Follow-up to the closed #68. The delta_commit_lock fix and its dedup_commits_despite_concurrent_appends regression test both landed on master via #69 (c28f2bf) — #68 was a parallel duplicate and is closed. This PR applies the still-actionable review feedback from #68's Claude review to the test as it now lives in master.

Changes

  • Deterministic race (was 🟡 flaky on CI): gate dedup_partition on the appender's first committed row before starting. Previously assert!(appended > 0) could fail as a scheduling artifact if dedup finished before the spawned appender task was scheduled on a loaded 4-thread runner — a failure for the wrong reason.
  • Atomic ordering: stop/commit flags use Release/Acquire instead of Relaxed (idiomatic stop-flag intent).
  • Assertion message: added the missing failure message on the post-dedup count assertion.

Not addressed (intentional): the per-Database lock granularity flagged in review is a deliberate design choice — commits are sub-second vs the 10-min flush cadence, so global serialization is acceptable and simpler than per-table locks.

Test

cargo test --test dedup_compaction_test dedup_commits_despite_concurrent_appends passes (1.8s). Test-only change; no production code touched.

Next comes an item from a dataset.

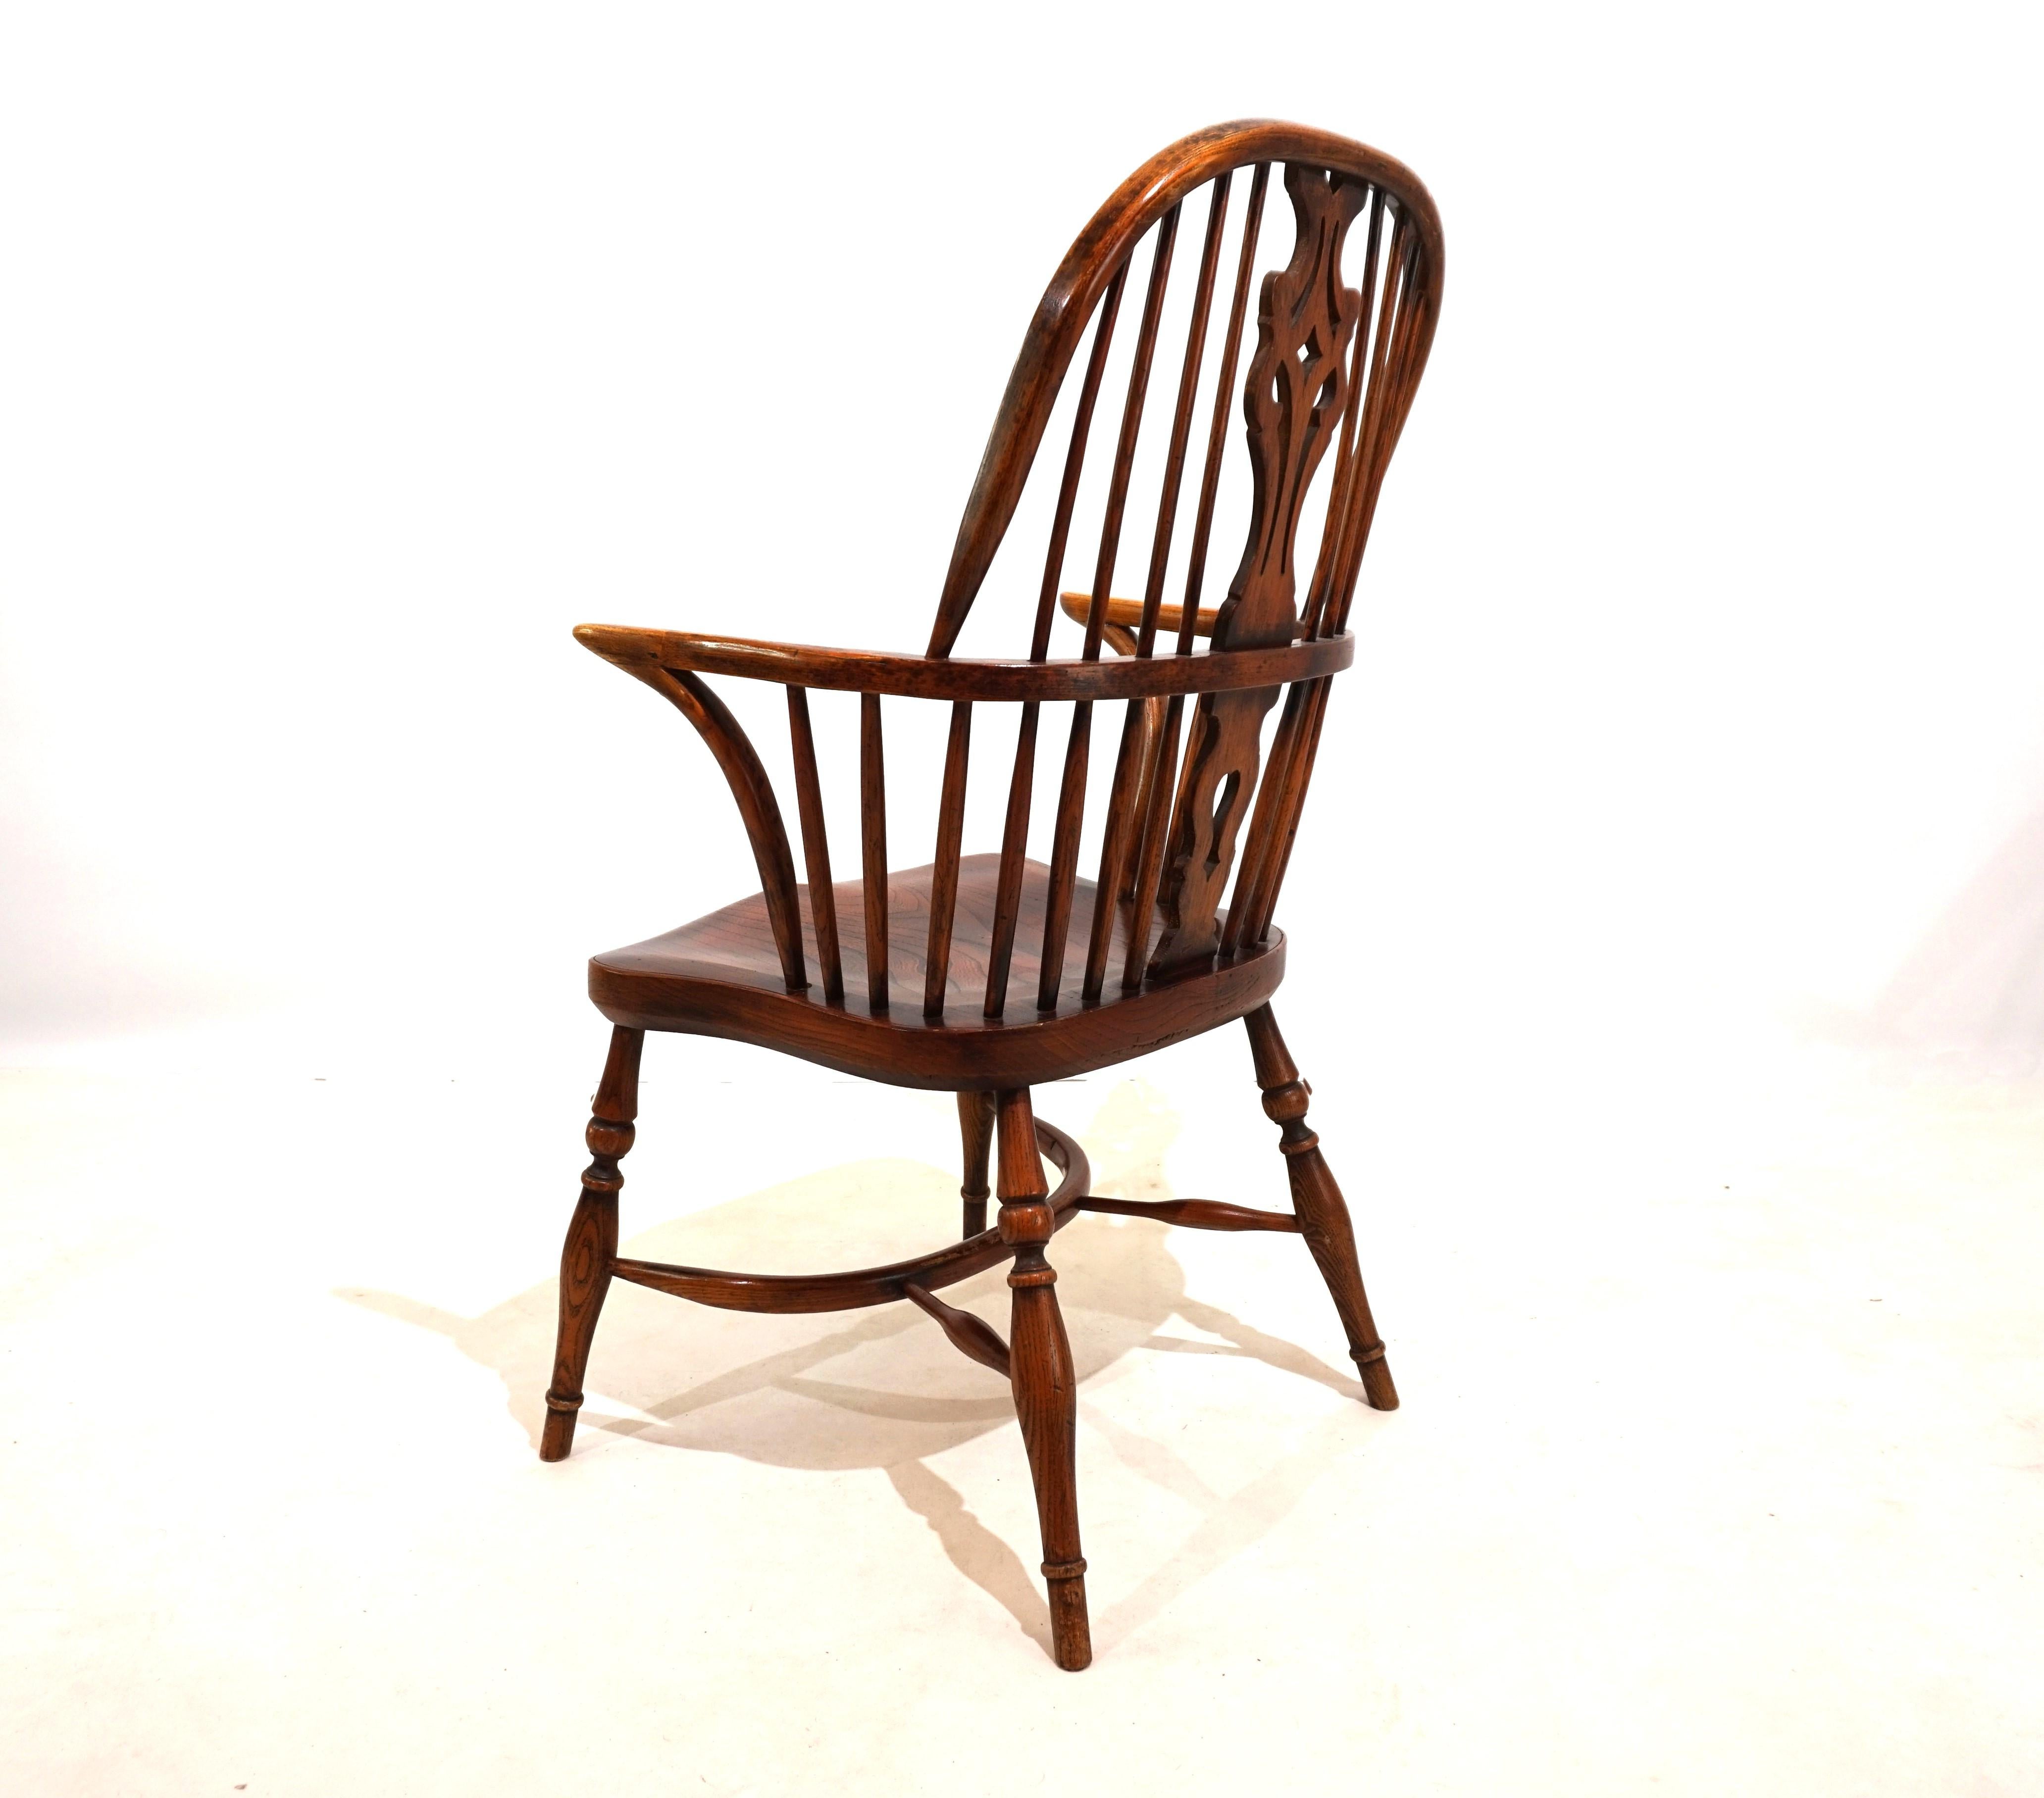 Cette chaise Windsor en version fauteuil avec dossier est en très bon état avec une fantastique patine d'âge. L'élément de conception du dossier et les entretoises simples et délicates confèrent à la chaise une apparence exclusive. Au fil des

🤖 Generated with Claude Code

tonyalaribe and others added 2 commits June 12, 2026 12:19
Gate dedup_partition on the appender's first committed row before starting,
so the appended>0 assertion can't fail as a scheduling artifact on a loaded
CI runner. Switch the stop/commit flags to Release/Acquire and add the
missing failure message on the post-dedup count assertion.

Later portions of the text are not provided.